When my cluster goes down from running out of memory, I have been SSHing into each node and restarting the service. That works fine, but I'm wondering if there is a better way. It would be nice to do that all at once.

Any help would be greatly appreciated. Thank you!

warkolm · February 19, 2018, 3:29am

What are your queries? Are you getting OOM in the logs, can you share the log? What version are you on? What heap size? Java version, OS? What are you using for monitoring things?

arisbanach · February 19, 2018, 4:03am

They were fairly large queries. One, for example, was for an aggregation of unique terms with a cardinality of about 1.3 million. I had previously broken it up using partitions and had my client code cycle through them and do the math later, but it would be nice to just have it given all at once.

I don't have the logs in front of me, but when the cluster goes down I SSH into a node and the Elasticsearch logs have a JAVA HEAP error there in regard to memory. I'm on Elasticsearch 6.2, JDK 1.8, Ubuntu 16, total of 4GB per node and have Elasticsearch memory locked at 2GB. I know that's under recommendations for the memory size but I cant currently scale up at all for... reasons.

We're mainly just beta testing now so the monitoring is pretty much "hey my query didn't work. yep, Elasticsearch is down."

warkolm · February 19, 2018, 4:07am

You probably already know this, but;

And;

Won't play well.

It'd be super handy if you had logs available, as the circuit breakers should have stopped this.
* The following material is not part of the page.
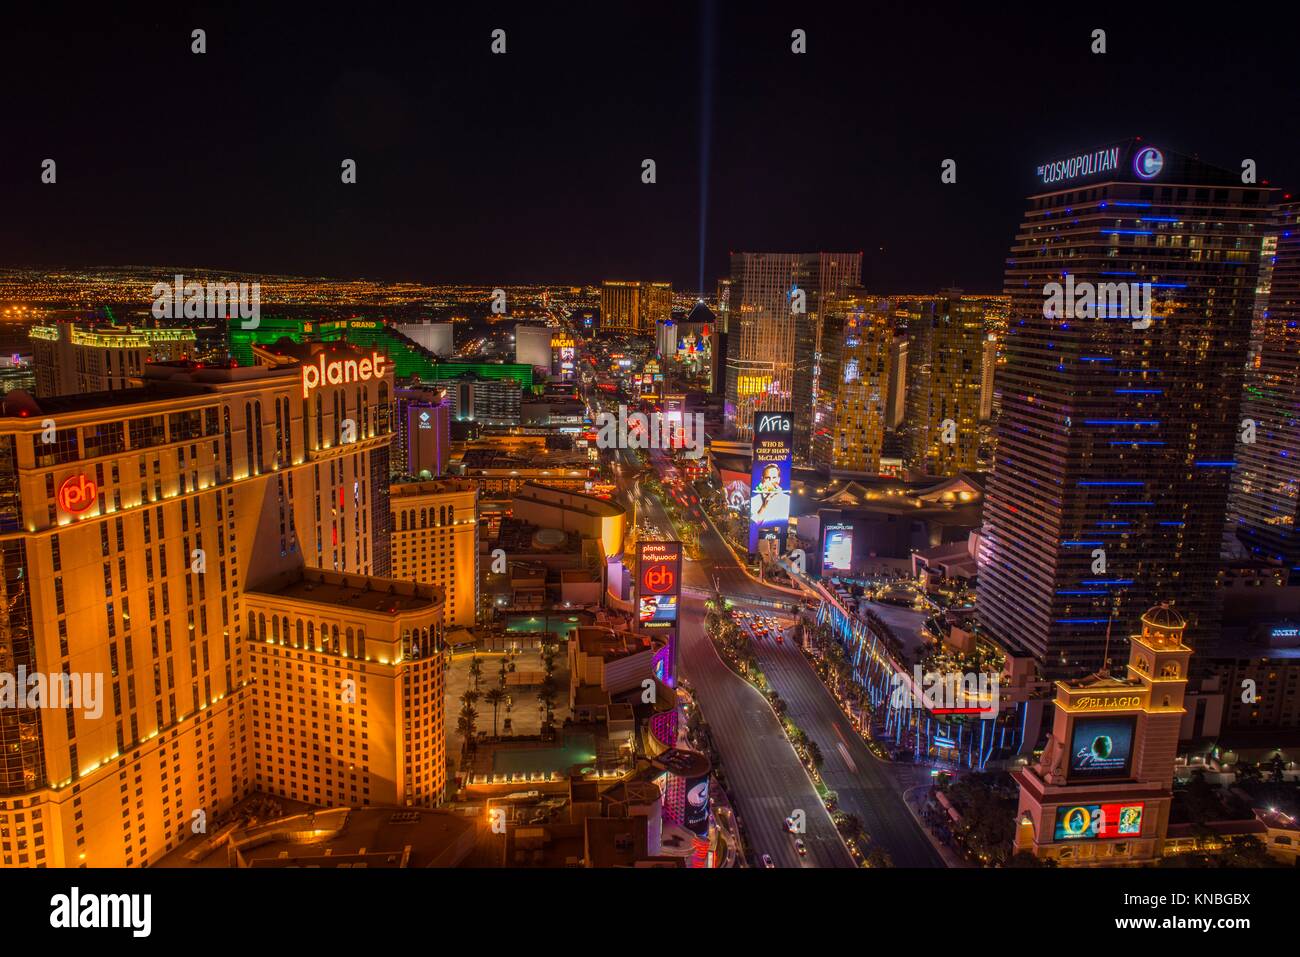 Las Vegas at night from the Paris Casino resort hotel Eiffel Tower- The Strip- Las Vegas Blvd, Las Vegas, Nevada, USA. Stock Photo
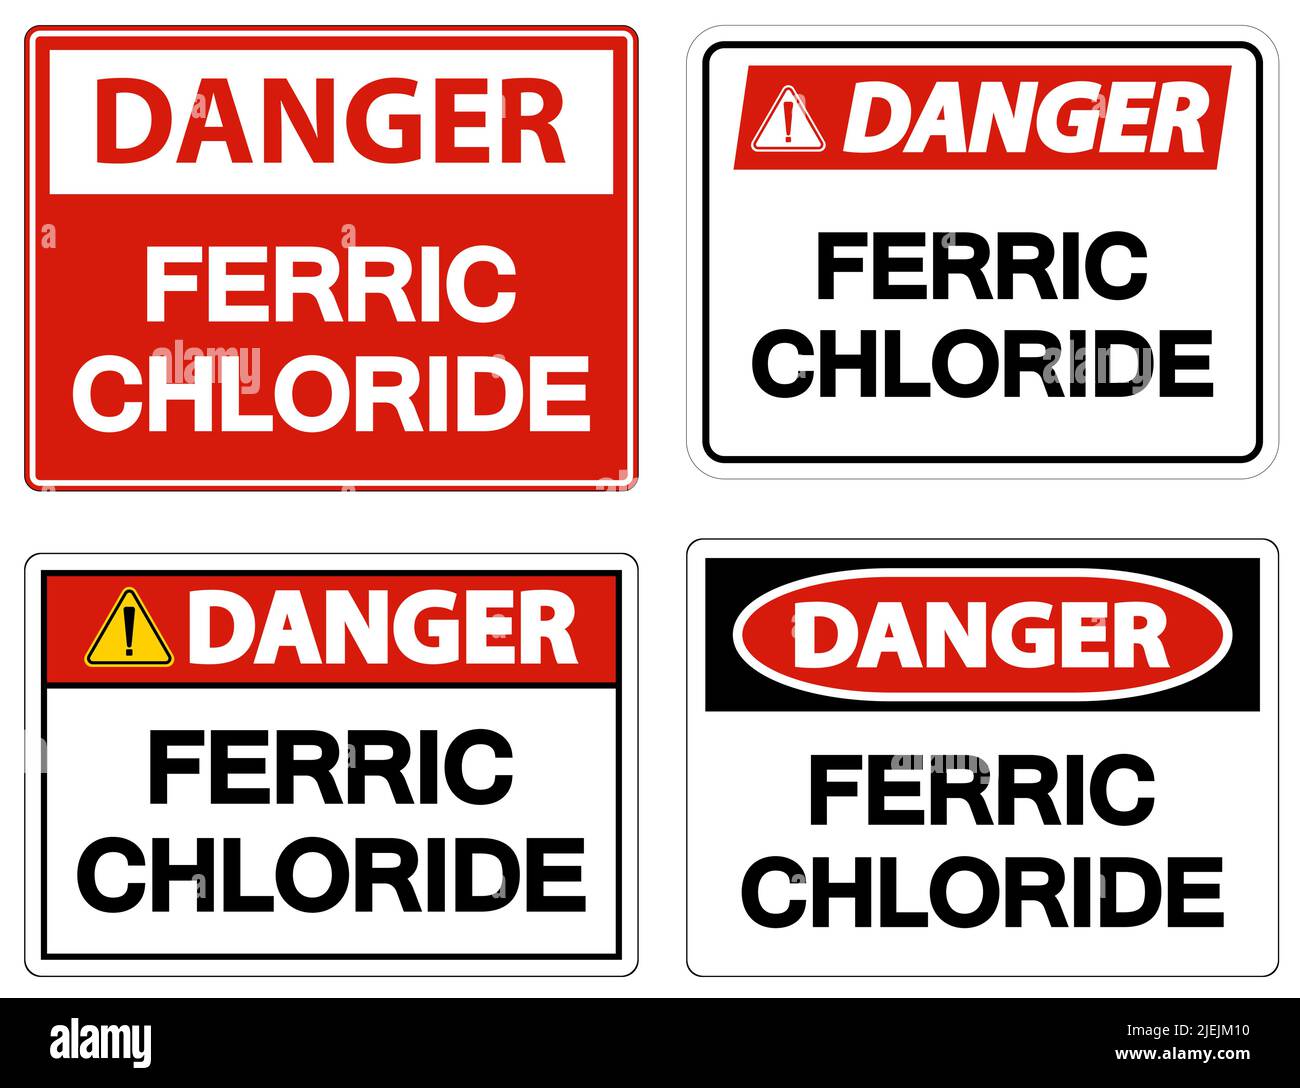 Danger chimique symbole de chlorure ferrique sur fond blanc Illustration de Vecteur

But my guess is that it's OOMing before it even hits that part while it tries to figure if it'll cross the breakers. Which is a catch-22, and a theory only.

arisbanach · February 19, 2018, 2:47pm

Yeah, I could guess =) Not up to me how much memory we have though.

Here are some example logs:

[2018-02-19T14:19:34,689][INFO ][o.e.m.j.JvmGcMonitorService] [elasticsearch1] [gc][old][208923][2234] duration [7s], collections [1]/[7.1s], total [7s]/[25.8m], memory [1.9gb]->[1.9gb]/[1.9gb], all_pools {[young] [133.1mb]->[133.1mb]/[133.1mb]}{[survivor] [14.7mb]->[14.4mb]/[16.6mb]}{[old] [1.8gb]->[1.8gb]/[1.8gb]}
[2018-02-19T14:19:34,689][WARN ][o.e.m.j.JvmGcMonitorService] [elasticsearch1] [gc][208923] overhead, spent [7s] collecting in the last [7.1s]
[2018-02-19T14:19:39,721][WARN ][o.e.m.j.JvmGcMonitorService] [elasticsearch1] [gc][208924] overhead, spent [4.9s] collecting in the last [5s]
[2018-02-19T14:19:39,722][ERROR][o.e.b.ElasticsearchUncaughtExceptionHandler] [elasticsearch1] fatal error in thread [elasticsearch[elasticsearch1][management][T#4]], exiting
java.lang.OutOfMemoryError: Java heap space
[2018-02-19T14:19:34,713][ERROR][o.e.b.ElasticsearchUncaughtExceptionHandler] [elasticsearch1] fatal error in thread [Thread-73902], exiting
java.lang.OutOfMemoryError: Java heap space
	at io.netty.buffer.PooledHeapByteBuf$1.newObject(PooledHeapByteBuf.java:34) ~[?:?]
	at io.netty.buffer.PooledHeapByteBuf$1.newObject(PooledHeapByteBuf.java:31) ~[?:?]
	at io.netty.util.Recycler.get(Recycler.java:148) ~[?:?]
	at io.netty.buffer.PooledHeapByteBuf.newInstance(PooledHeapByteBuf.java:39) ~[?:?]
	at io.netty.buffer.PoolArena$HeapArena.newByteBuf(PoolArena.java:702) ~[?:?]
	at io.netty.buffer.PoolArena.allocate(PoolArena.java:145) ~[?:?]
	at io.netty.buffer.PooledByteBufAllocator.newHeapBuffer(PooledByteBufAllocator.java:307) ~[?:?]
	at io.netty.buffer.AbstractByteBufAllocator.heapBuffer(AbstractByteBufAllocator.java:162) ~[?:?]
	at io.netty.buffer.AbstractByteBufAllocator.heapBuffer(AbstractByteBufAllocator.java:153) ~[?:?]
	at io.netty.buffer.AbstractByteBufAllocator.ioBuffer(AbstractByteBufAllocator.java:135) ~[?:?]
	at io.netty.channel.DefaultMaxMessagesRecvByteBufAllocator$MaxMessageHandle.allocate(DefaultMaxMessagesRecvByteBufAllocator.java:80) ~[?:?]
	at io.netty.channel.nio.AbstractNioByteChannel$NioByteUnsafe.read(AbstractNioByteChannel.java:122) ~[?:?]
	at io.netty.channel.nio.NioEventLoop.processSelectedKey(NioEventLoop.java:645) ~[?:?]
	at io.netty.channel.nio.NioEventLoop.processSelectedKeysPlain(NioEventLoop.java:545) ~[?:?]
	at io.netty.channel.nio.NioEventLoop.processSelectedKeys(NioEventLoop.java:499) ~[?:?]
	at io.netty.channel.nio.NioEventLoop.run(NioEventLoop.java:459) ~[?:?]
	at io.netty.util.concurrent.SingleThreadEventExecutor$5.run(SingleThreadEventExecutor.java:858) ~[?:?]
	at java.lang.Thread.run(Thread.java:748) [?:1.8.0_151]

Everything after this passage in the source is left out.